* _ABOUT THIS TASK_
The required answer is the data below, restated word for word with images omitted.

* _INPUT DATA_
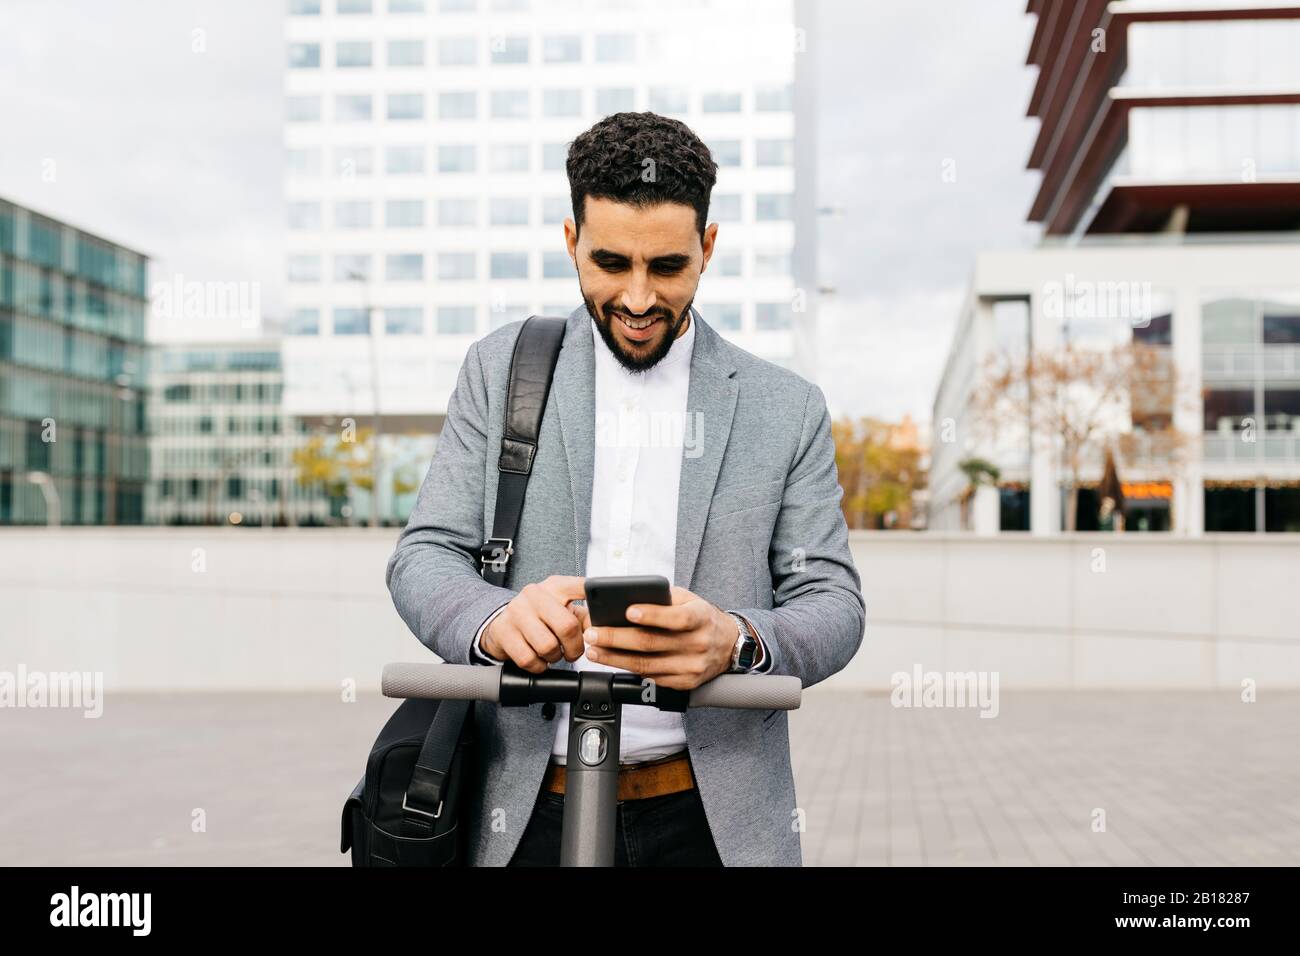 Casual young businessman with electric scooter using cell phone in the city Stock Photo
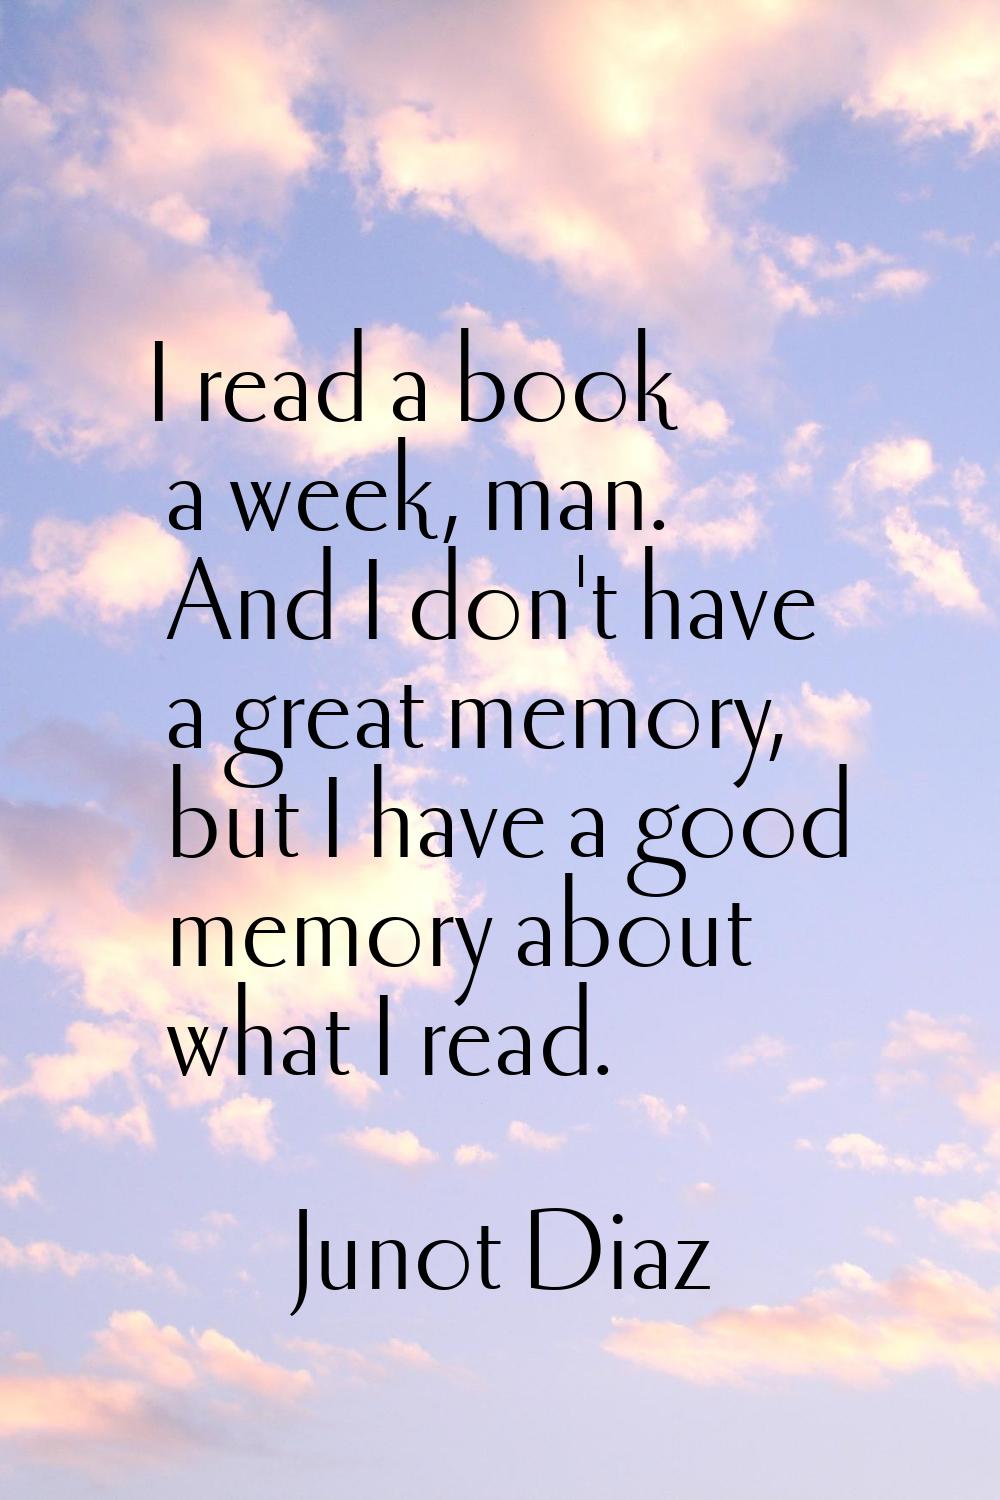 I read a book a week, man. And I don't have a great memory, but I have a good memory about what I r
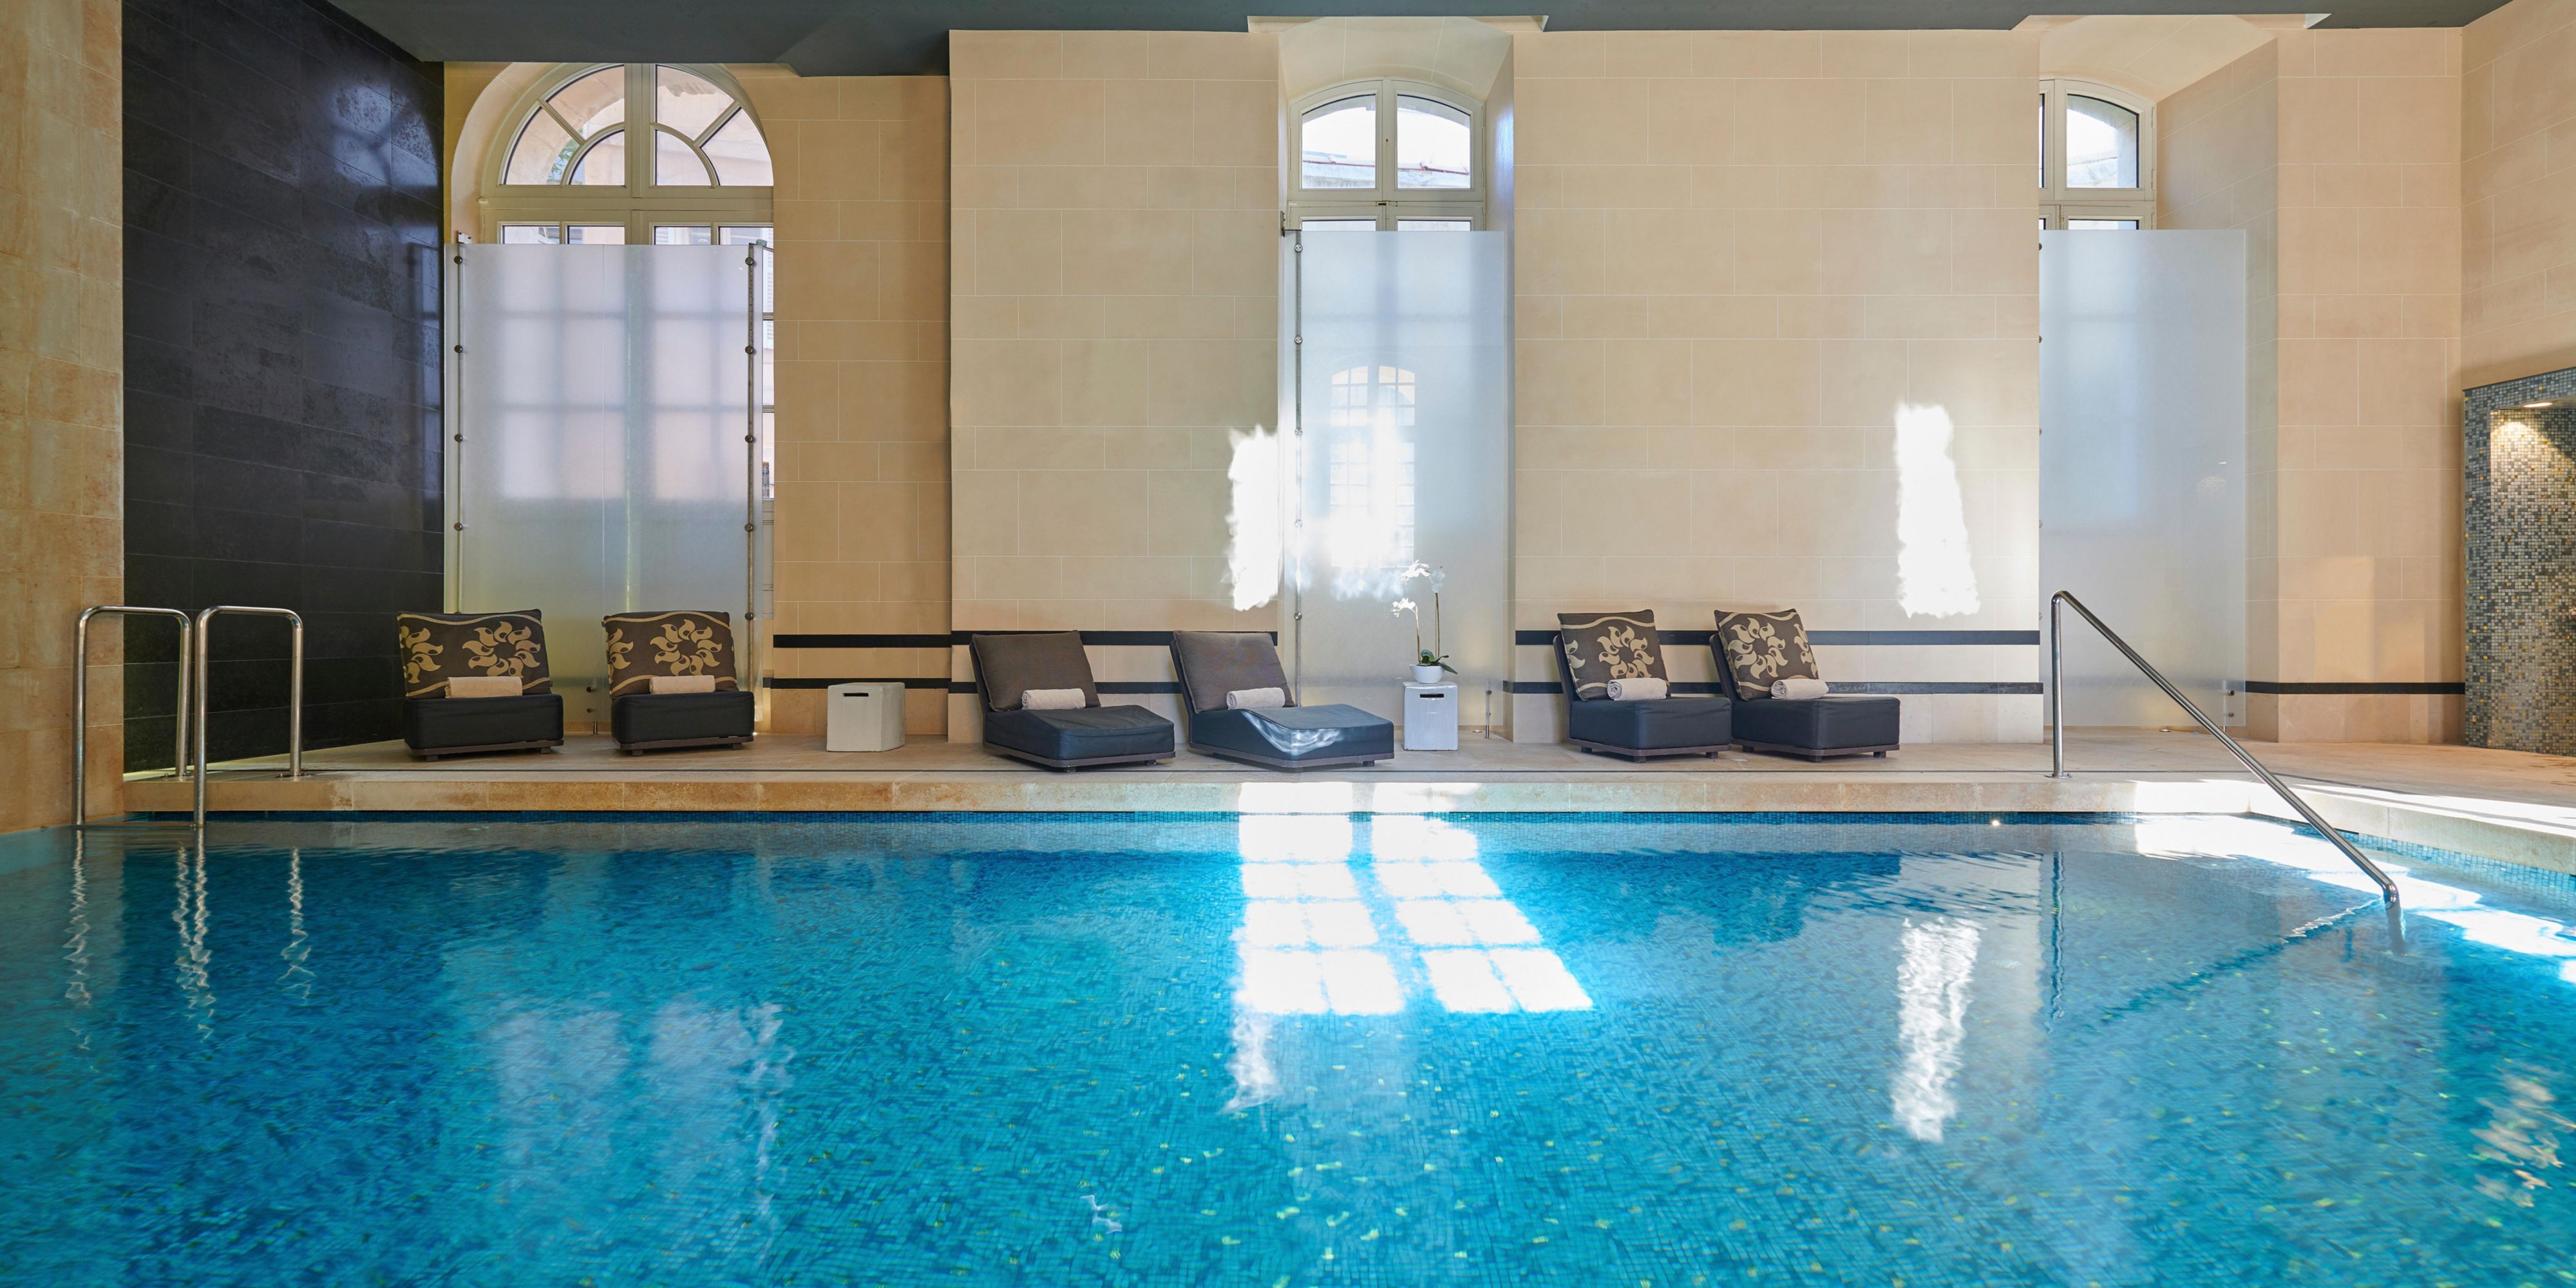 Inspired by the traditional Provencal fountains and lavoirs (communal clothes’ washing places), the SPA by Clarins offers time out from everyday life. Experience a moment of sheer revitalizing relaxation in an ambience redolent of the warmth and sensuality of the Mediterranean basin.

* _WORKED SOLUTION_
 Casual young businessman with electric scooter using cell phone in the city Stock Photo
 I read a book a week, man. And I don't have a great memory, but I have a good memory about what I r
 Inspired by the traditional Provencal fountains and lavoirs (communal clothes’ washing places), the SPA by Clarins offers time out from everyday life. Experience a moment of sheer revitalizing relaxation in an ambience redolent of the warmth and sensuality of the Mediterranean basin.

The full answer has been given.